Get Repo file from this URL: https://archive.cloudera.com/cm6/6.3.0/ubuntu1804/apt/cloudera-manager.list

Download Repo file using wget command in the Terminal



Copy the Repo file into /etc/apt/sources.list.d/ location using below command

sudo cp cloudera-manager.list /etc/apt/sources.list.d/


Download and Import the repository signing GPG key

sudo wget https://archive.cloudera.com/cm6/6.3.0/ubuntu1604/apt/archive.key

sudo apt-key add archive.key


Update your system package index by running below command

sudo apt-get update





Install Java using the below command

sudo apt-get install oracle-j2sdk1.8







Java will be installed at this location: /usr/lib/jvm/java-8-oracle-cloudera

ls /usr/lib/jvm/java-8-oracle-cloudera

Set JAVA_HOME in the file(with location): ~/.bashrc using below command

sudo nano ~/.bashrc


Paste the below command

export JAVA_HOME=/usr/lib/jvm/java-8-oracle-cloudera export PATH=$PATH:$JAVA_HOME/bin


Run the below command to run refresh the .bashrc file

source ~/.bashrc


Run the below command to check the version of the Java installed

java -version




Install OpenSSH server & client using the below command

sudo apt-get install openssh-server openssh-client



Type "Y" continue



Create the SSH Key for passless login (Press enter button when it asks you to enter a filename to save the key)

ssh-keygen -t rsa -P ""

Copy the generated ssh key to authorized keys

cat $HOME/.ssh/id_rsa.pub >> $HOME/.ssh/authorized_keys




Connect localhost using OpenSSH by running below command

ssh localhost (Type yes button any prompt comes up)

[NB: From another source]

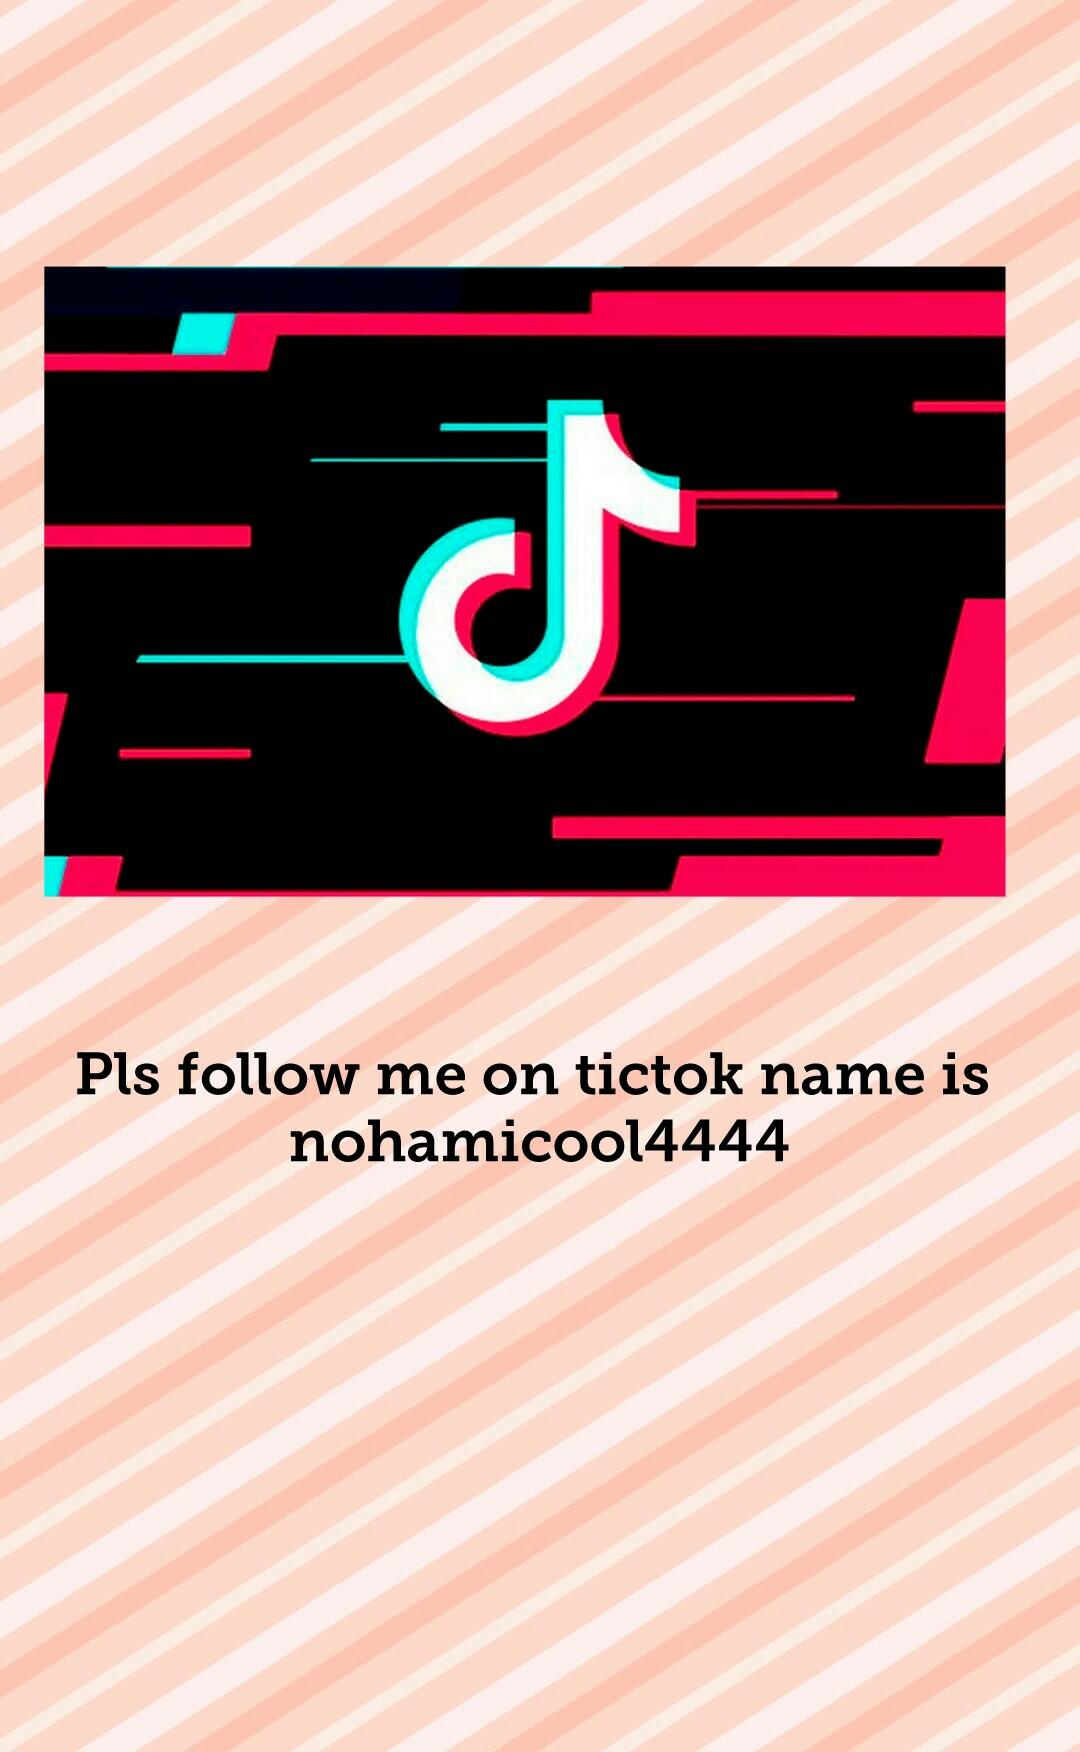 Pls follow me on tictok name is nohamicool4444

Exit from the ssh connection using the below command

exit


Open Apache Hadoop official website and click on the "Download" button

URL: https://hadoop.apache.org


Click on the Binary download of the version 2.9.2 as shown below

URL: https://hadoop.apache.org/releases.html





https://www.apache.org/dyn/closer.cgi/hadoop/common/hadoop-2.9.2/hadoop-2.9.2.tar.gz

Click on link below "We suggest the following mirror site for your download:"

http://apachemirror.wuchna.com/hadoop/common/hadoop-2.9.2/hadoop-2.9.2.tar.gz





Right click the file downloaded and click on "Open Containing Folder", it will be pointing to /tmp/..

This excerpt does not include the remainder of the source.